We encourage everyone to download and install Anaconda (https://www.anaconda.com/products/individual), which comes with Python v3.8 and Jupyter Notebook. We will be doing curriculum and projects mainly through Jupyter Notebook, and these are saved as .ipynb (IPython Notebook) files.

In the meantime, you can also get started with Google Colab (https://colab.research.google.com), which will allow you to write and run Jupyter Notebooks directly in Google Drive without installing anything.




## Basic Python

### Printing in Jupyter Notebook

As you would expect, you can print things in Python using Python's built-in `print()` function:

In [None]:
print("Hello, World!")

x = 3
print(x)

Hello, World!
3


However, in Jupyter, you can also display objects by simply typing an expression, rather than calling the `print()` function. For example:

In [None]:
x

3

In [None]:
2 * x**2 + 1

19

### Functions and control flow

I'm assuming all of you are familiar with functions, loops, etc. so I'm just going to give some examples of Python's syntax.

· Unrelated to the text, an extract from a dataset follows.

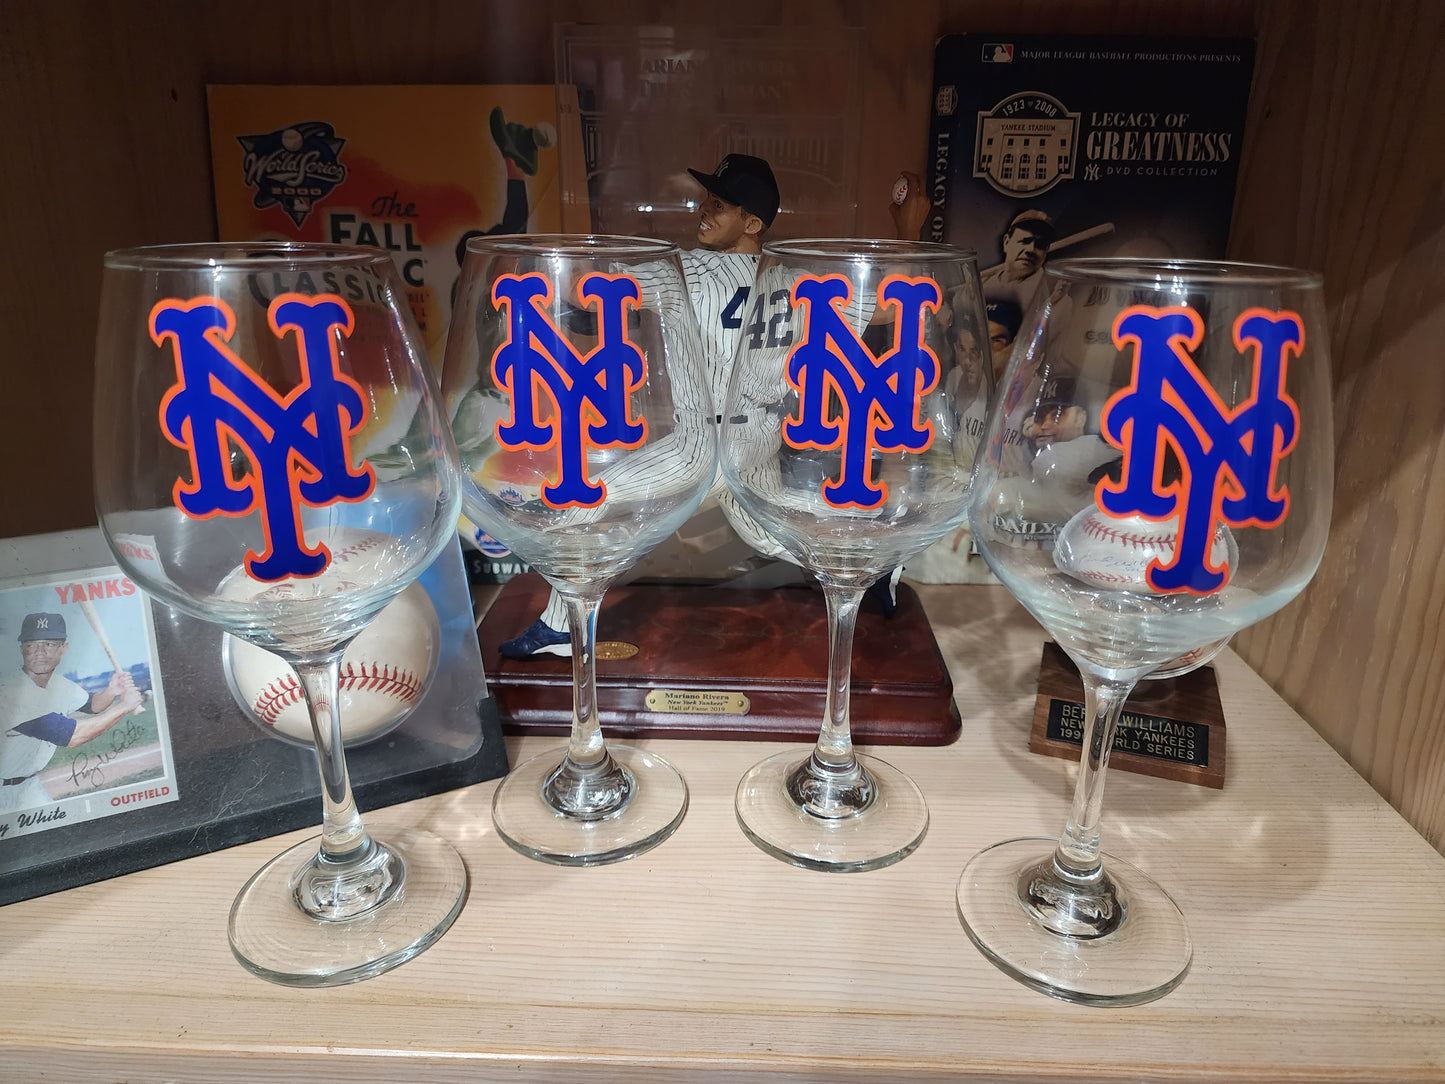 Yankees  vs. Mets wine glasses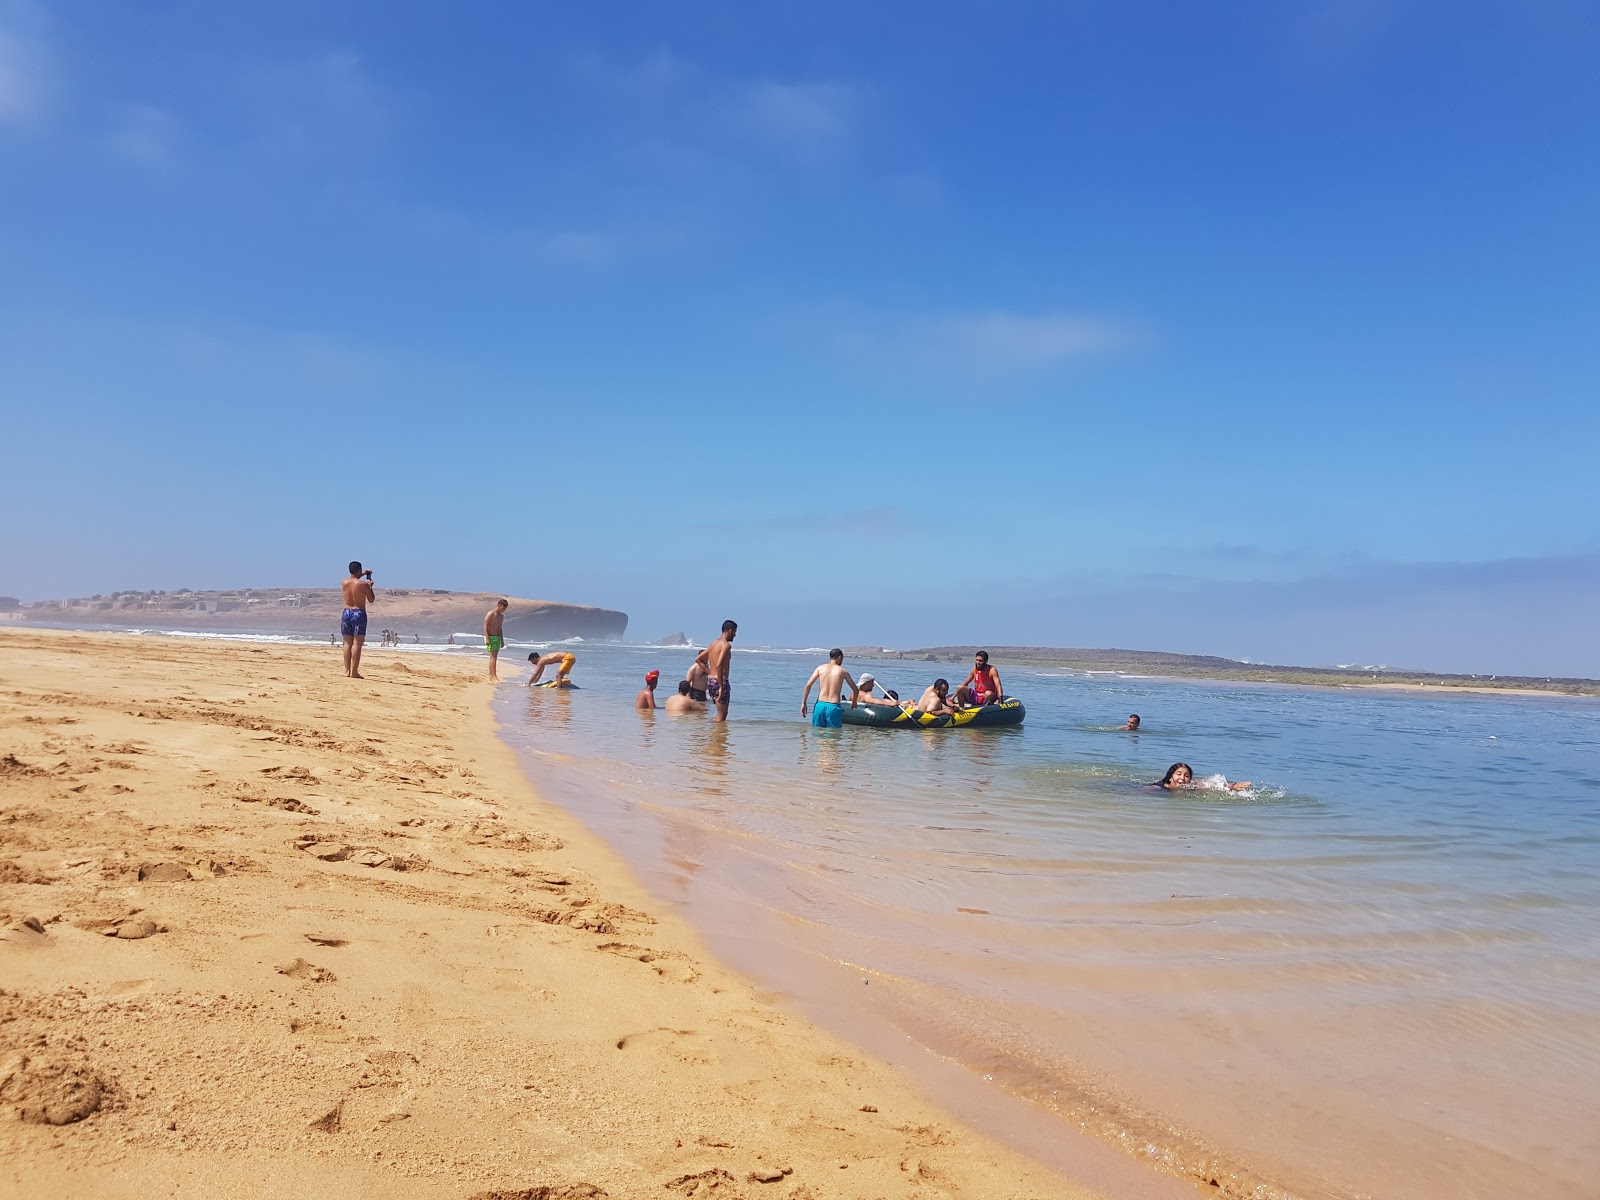 Foto di Sidi Belkheir Beach shaty sydy balkhyr con baie piccole

Usually, you define a function using `def`:

In [None]:
def add_one(x):
    print('Adding one:')
    return x+1

add_one(2)

Adding one:


3

But you can also define functions using `lambda` expressions, if the function's return value can be expressed in one line:

In [None]:
prod = lambda x, y: x * y

prod(3, 4)

12

And here is an example of a `for` loop with some `if` statements:

In [None]:
for i in range(17):
    if i % 3 == 0 and i % 5 == 0:
        print('FizzBuzz')
    elif i % 3 == 0:
        print('Fizz')
    elif i % 5 == 0:
        print('Buzz')
    else:
        print(i)

FizzBuzz
1
2
Fizz
4
Buzz
Fizz
7
8
Fizz
Buzz
11
Fizz
13
14
FizzBuzz
16


Note that the `range` function caused the `for` loop to run starting at `i=0` up to and *excluding* 17.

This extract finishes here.